Time is of essence in the performance of the PO. The due date on the PO is the expected on-dock date for the product with required documentation (e.g., packing list, certifications, test reports, FAIs, etc.). Supplier on-time delivery performance will be measured based on the date the product is delivered on-dock at The Company.
Performance Monitoring and/or Corrective Action
The Company retains tracking information on the on-time delivery performance and acceptance of all suppliers in the aggregate. Should The Company notice a negative trend in Supplier’s specific performance a special report will be prepared and forwarded to the Supplier for Cause investigation and Corrective Action.
Packing and Preservation – Prevention of Foreign Object Damage/Debris (FOD)

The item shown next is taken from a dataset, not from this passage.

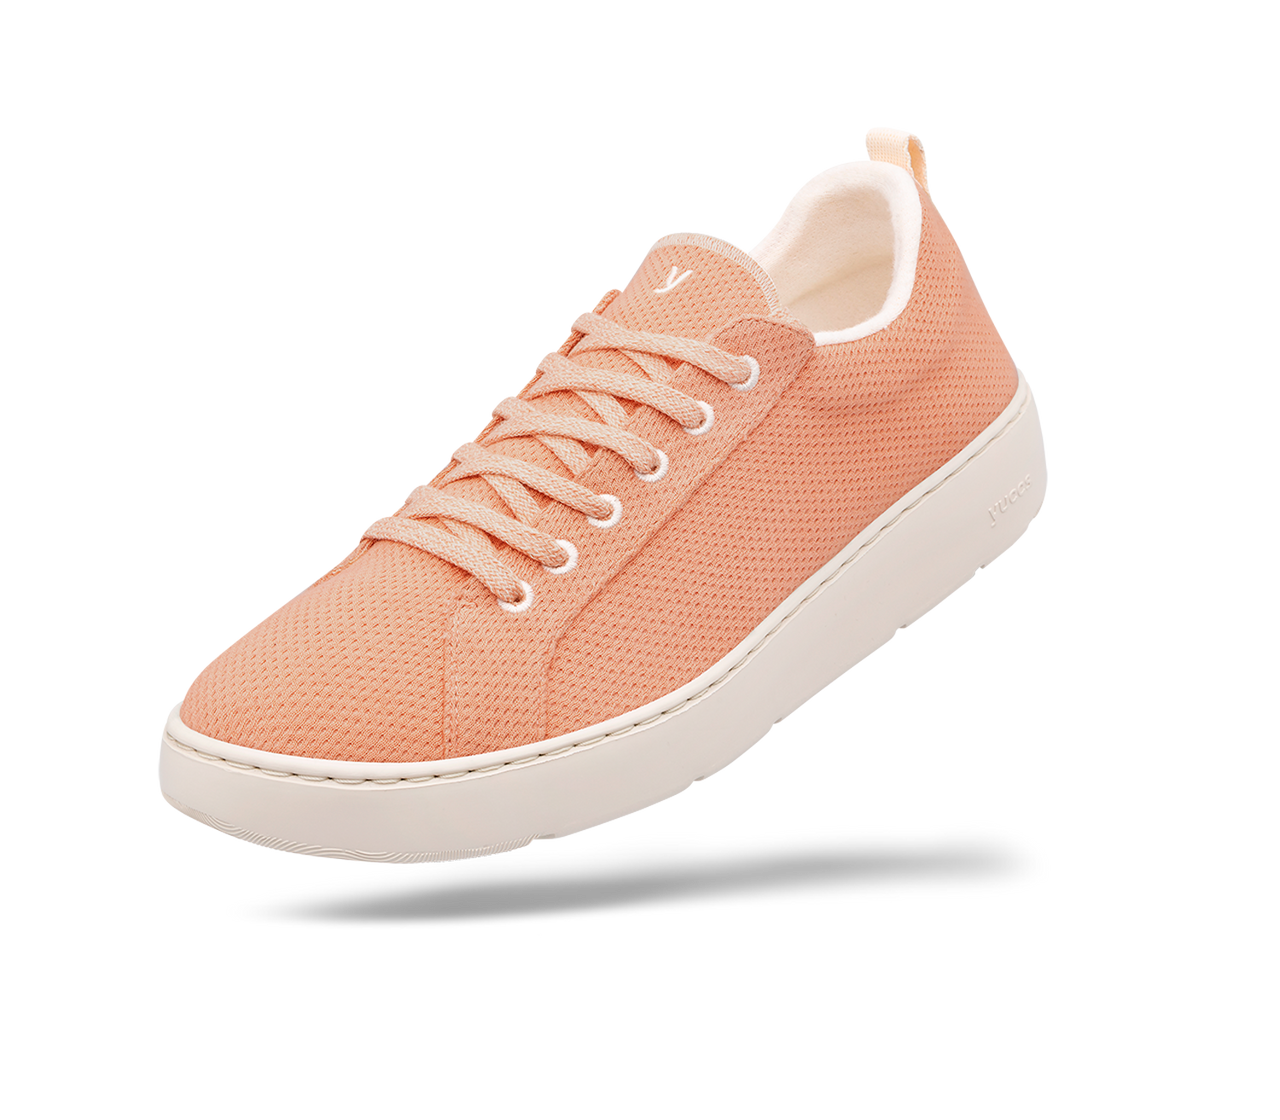 Bamboo Casual Outlet Mulher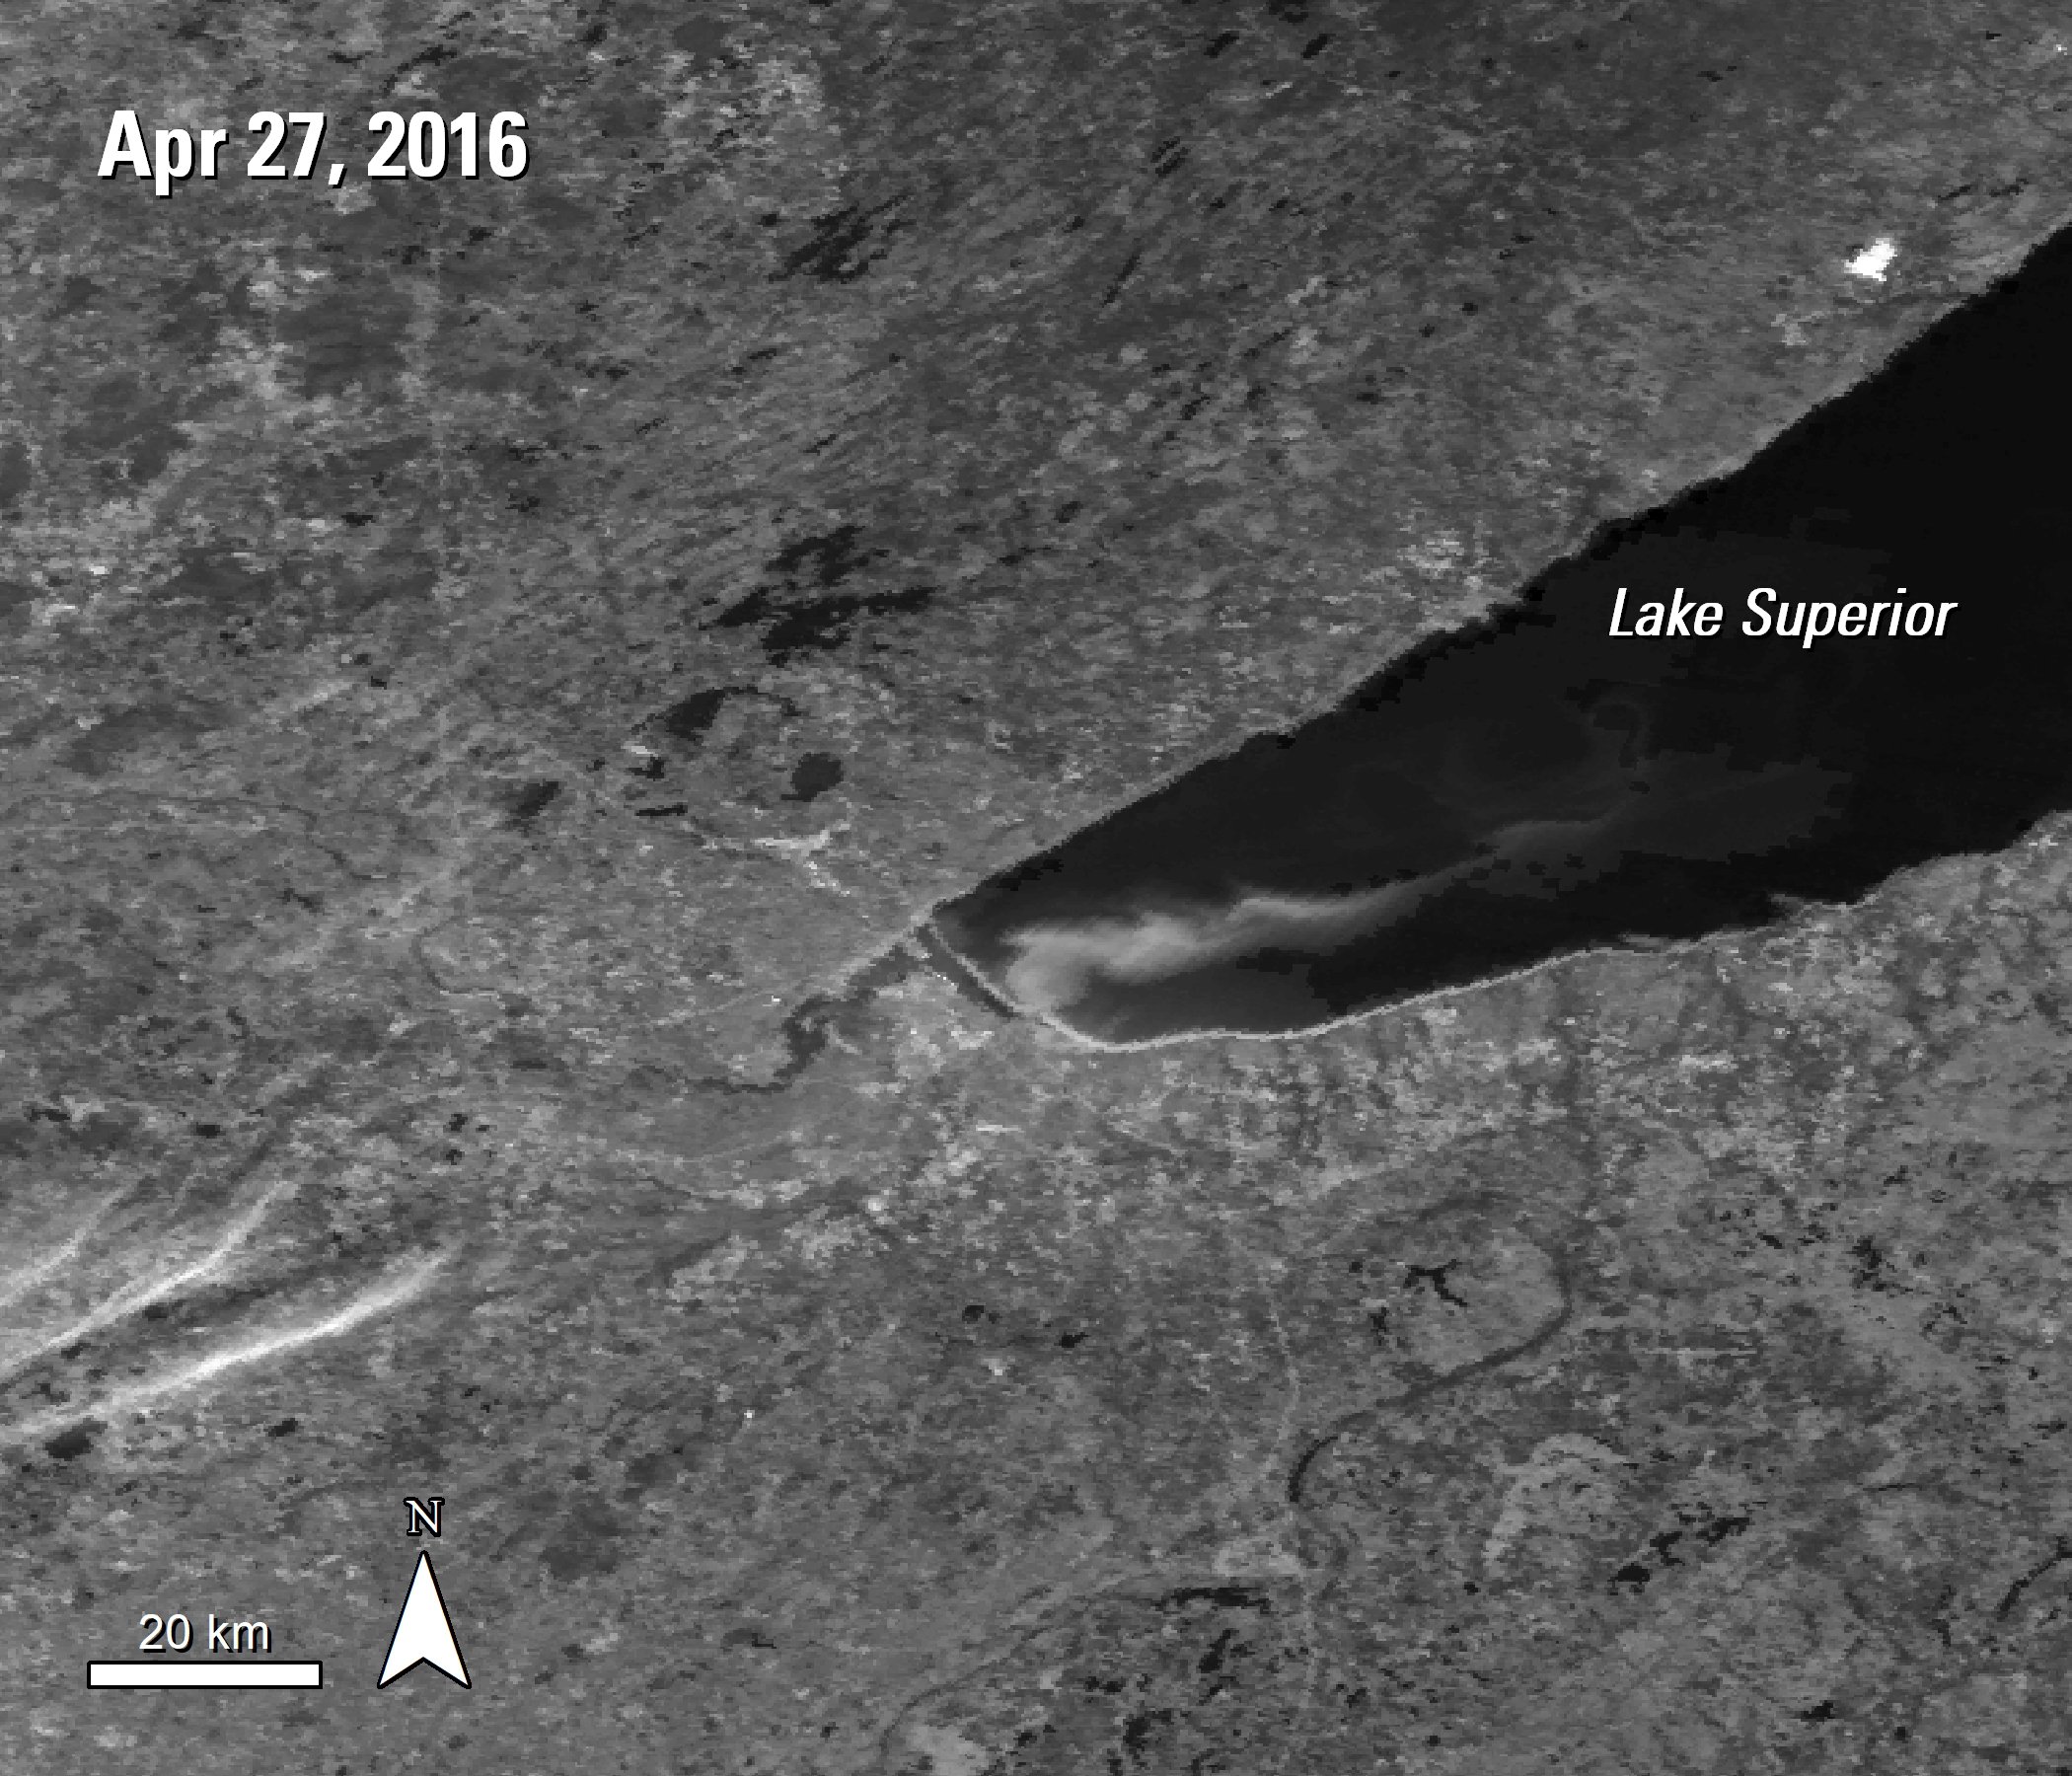 A black and white MODIS Surface Reflectance image over Lake Superior, Minnesota and Wisconsin, United States. A plume is visible over the bottom left portion of this section of the lake, acquired April 27, 2016.

The Supplier should establish a program, as applicable, to prevent, detect, and remove foreign objects/debris of any product provided to The Company.
The Supplier should package product in such a manner suitable for preservation and to prevent damage to the product from each other (in the same box, container, etc.) or from normal handling and transport.
Responsibility of Conformance to Design – Rejections
Regardless of any inspection acceptance of delivered product or service by The Company, The Company’s customer (or higher tier customer), the Supplier remains responsible to assure delivered product and or services complies with the designs and specifications to which the product or service was ordered.
Should The Company reject any item from Supplier a Nonconformance Report will be created. The Nonconformance Report will be sent to the Supplier for correction/rework/replacement of the rejected condition (if needed) as well as Cause and Corrective Action Investigation.
Where supplier controls the product design, the supplier should not provide product where the design has been changed unless and until such design change has been approved by The Company’s customer (our higher tier customer (OEM)), as applicable.
Supplier will have program and/or training in place to assure supplier personnel are aware of
Their contribution to product or service conformity.
Their contribution to product safety (ref AS9100D ¶3.4 for definition).
The importance of ethical behavior.
The Company and Supplier should advise the other party within 30 days of any event that is deemed a Force Majeure Event. Neither Party should be responsible or liable nor be deemed to be in default on account of any breach of any obligation directly attributable to a cause that is at the same time compelling, unpredictable, unavoidable and beyond its control and not occasioned by its fault or negligence (Force Majeure Event).
Following cessation of the Force Majeure Event and to the extent possible in anticipation thereof, the parties should resume the performance of their obligations under this Purchase Order.
In the event Supplier fails to deliver or has informed The Company that it should not be able to deliver the Product on-time due to a Force Majeure Event then the delivery of the Product should be suspended until such circumstances of the Force Majeure Event have been adequately addressed. The due date of Product should be extended by mutual agreement of the parties. If, however, the Force Majeure Event causes delivery to be delayed more than thirty (30) Days, The Company will be entitled to cancel the Purchase Order in whole or in part without a further notice being required or judicial intervention and without incurring any liability whatsoever.
Purchase Order Jurisdiction/Severability.
This order shall be interpreted under the laws of the State of Missouri, USA. Any legal claim of violation of the purchase order should be made in the courts of the State of Missouri, USA. If any part of the purchase order is determined invalid such invalidity shall not have any effect on the rest of this purchase order, the balance of the purchase order shall remain in full force and effect.